- Mantashe’s position has complicated the implementation of an $8.5 billion pledge by rich nations to help South Africa move to green energy.
- According to the nation’s energy minister, South Africa must balance reducing emissions with increasing electricity access and developing its natural resources.
According to the nation’s energy minister, South Africa must balance the need to cut emissions with increasing electricity access and developing its natural resources.
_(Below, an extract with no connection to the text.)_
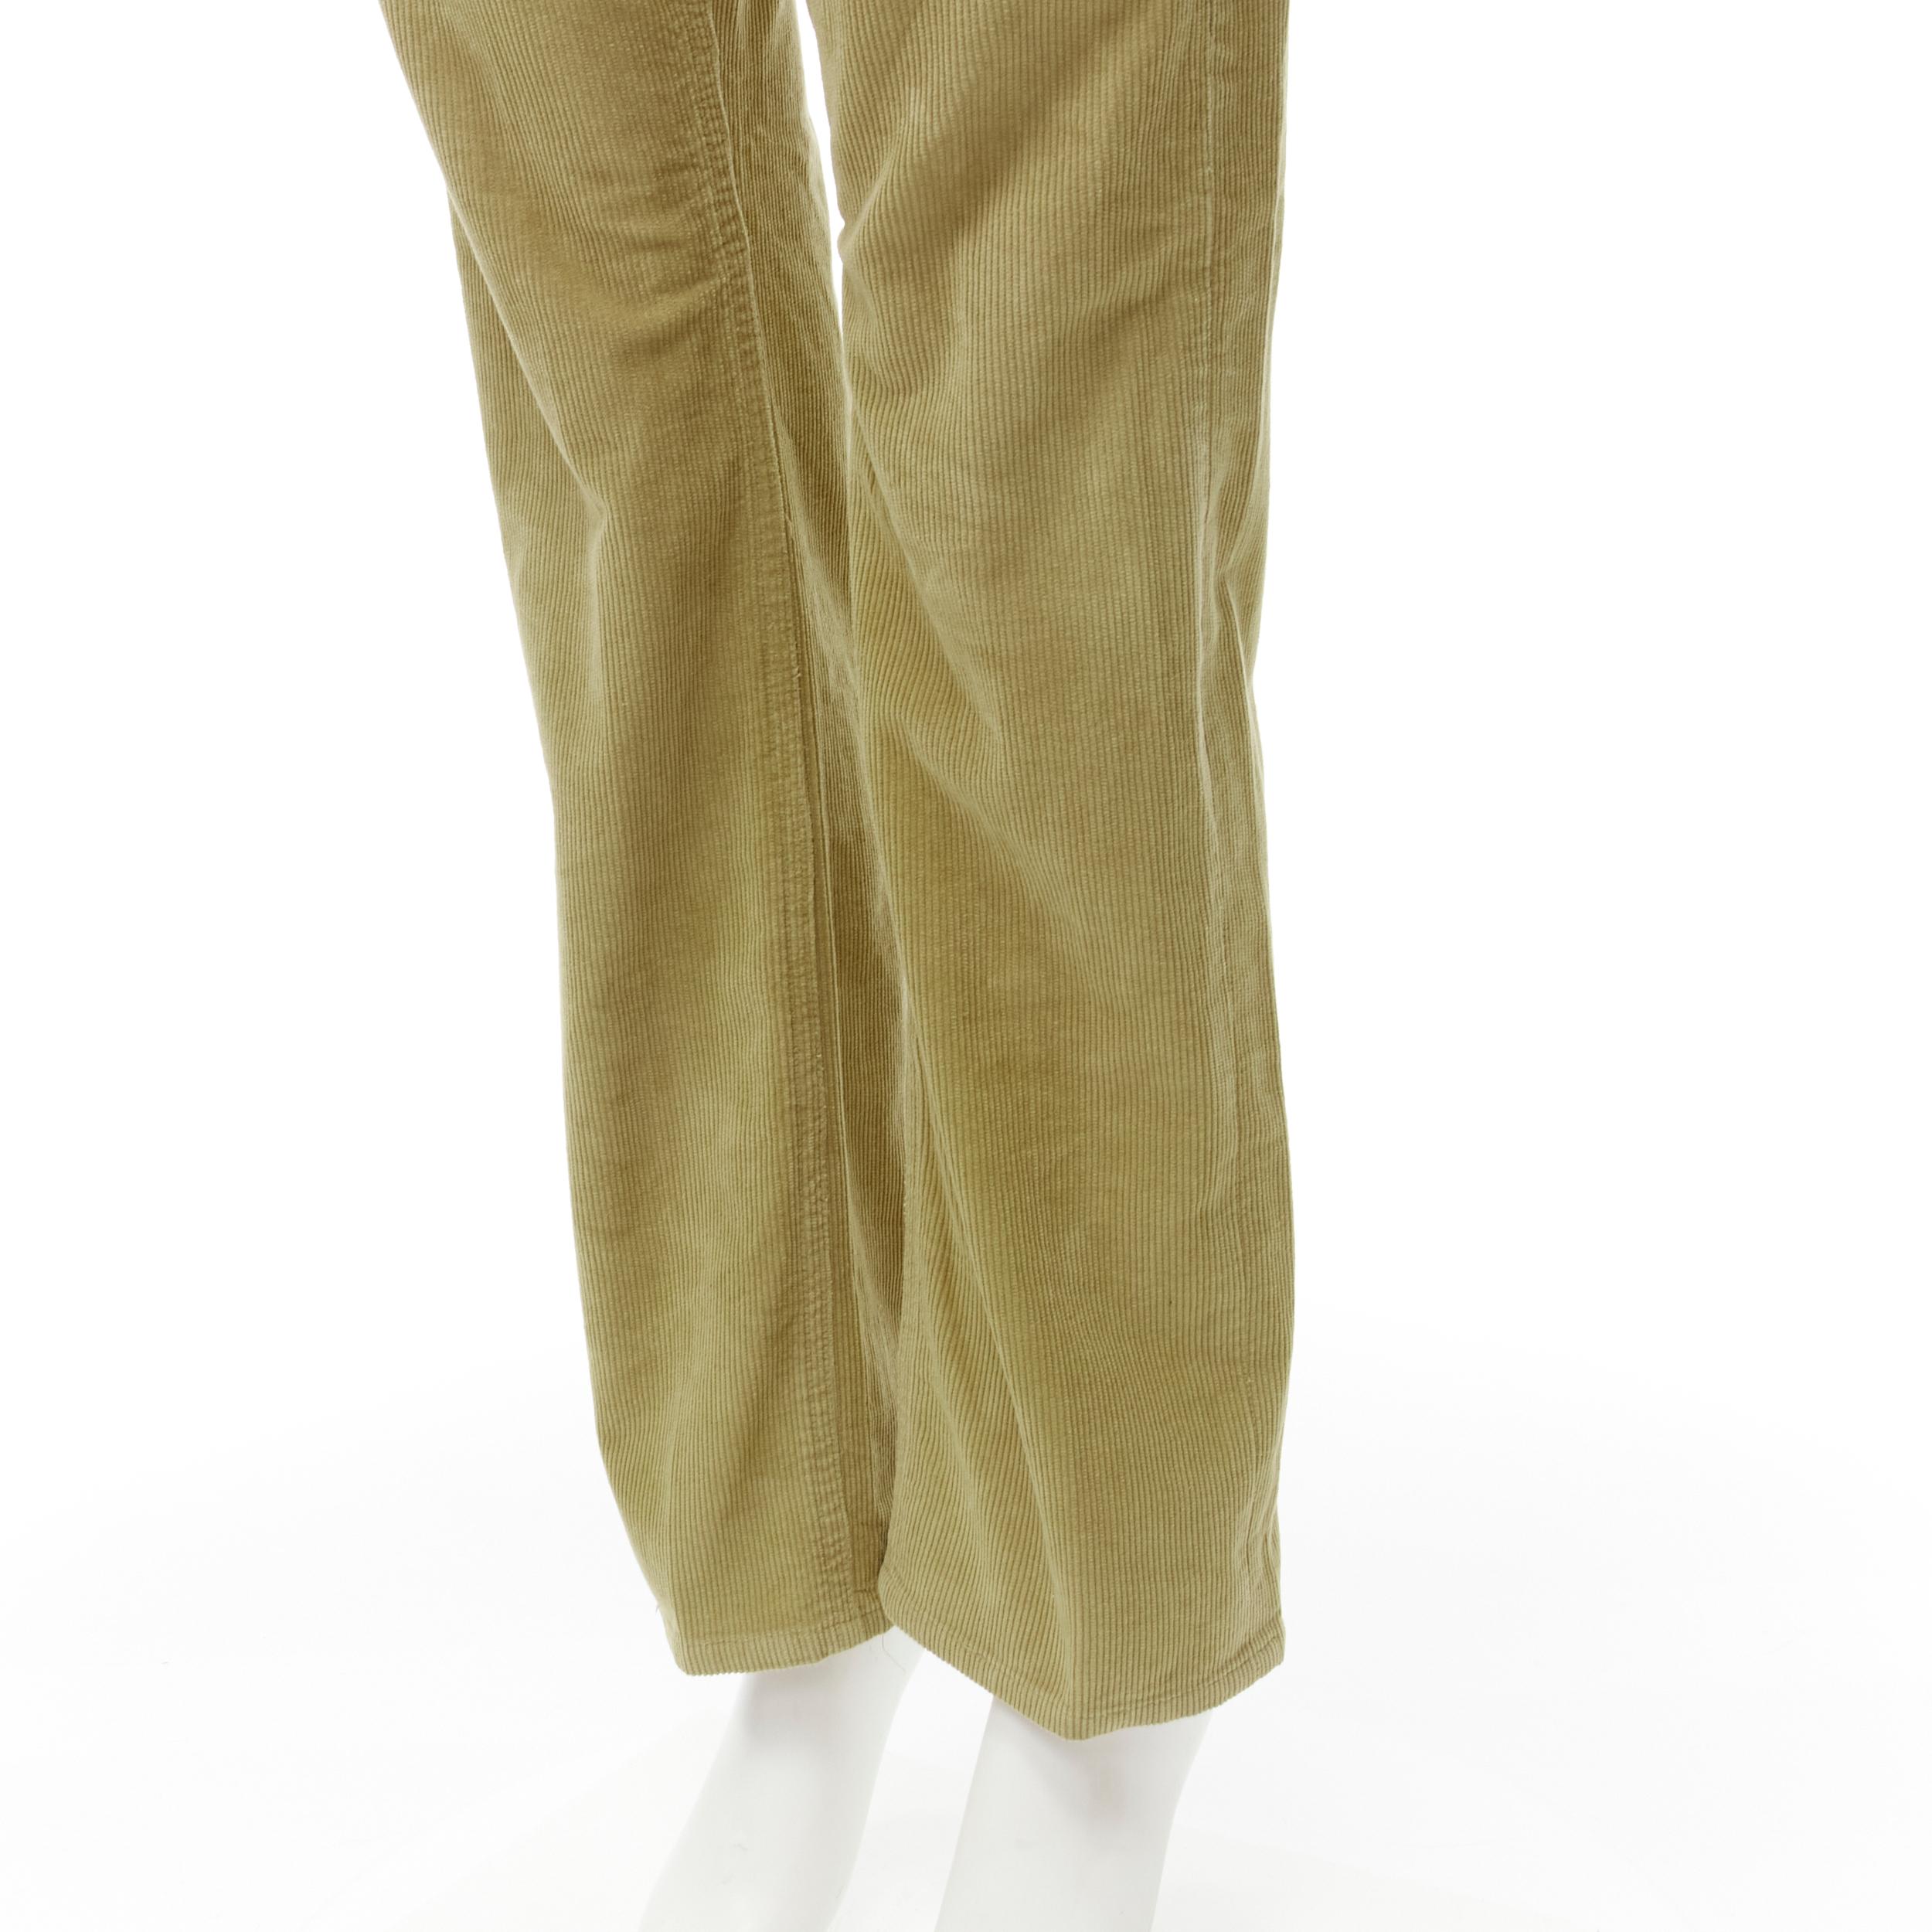 MIU MIU Vintage Velluto khaki cotton corduroy straight leg casual pants 29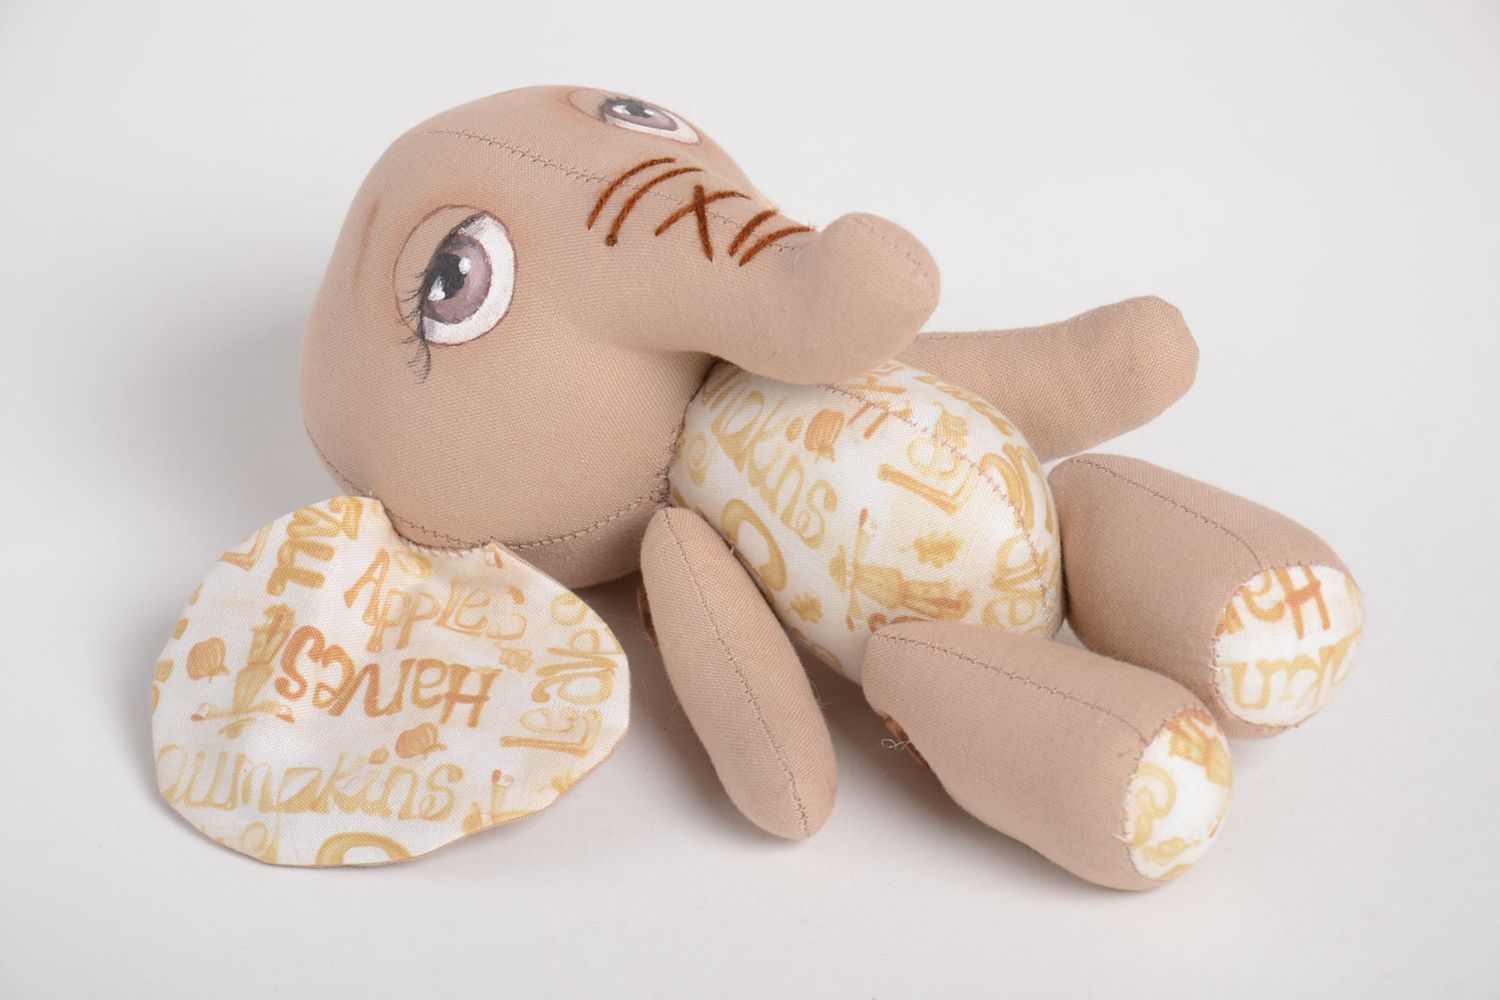 Handmade soft toy elephant stuffed doll for children interior decor ideas photo 5

According to the nation’s energy minister, South Africa must balance reducing emissions with increasing electricity access and expanding its natural resources. “We can’t be only about decarbonization,” Minister of Mineral Resources and Energy Gwede Mantashe said in a televised speech in Johannesburg on Friday. “We must deal with energy poverty.”
South Africa’s transition from a reliance on coal to cleaner sources of power is a massive undertaking that includes changing a significant social aspect centred on mining the dirtiest fossil fuel. Mantashe’s position has complicated the implementation of an $8.5 billion pledge by rich nations to help South Africa move to green energy. The Minister said Just Transition must be people-centred and consider the socio-economic conditions of communities directly affected by the transition, such as the communities in the Mpumalanga coal belt. Mantashe, a former mine worker and labour union leader who has previously said he doesn’t have a problem identifying as a “coal fundamentalist,” has overseen a stop-start program to boost renewable power generation.
South Africans must “never allow ourselves to be encircled by the developed nations who fund lobbyists to pit our country’s developmental needs against their self-serving protection of the environment,” he said. “Our country deserves an opportunity to transition at pace and scale determined by its citizens.” The country has several offshore oil and gas prospects, proven by recent discoveries in neighbouring Namibia. Still, searches for the resources have been blocked by environmental groups, according to Mantashe. “Every time we touch that, we go to court. Touch it, go to court.”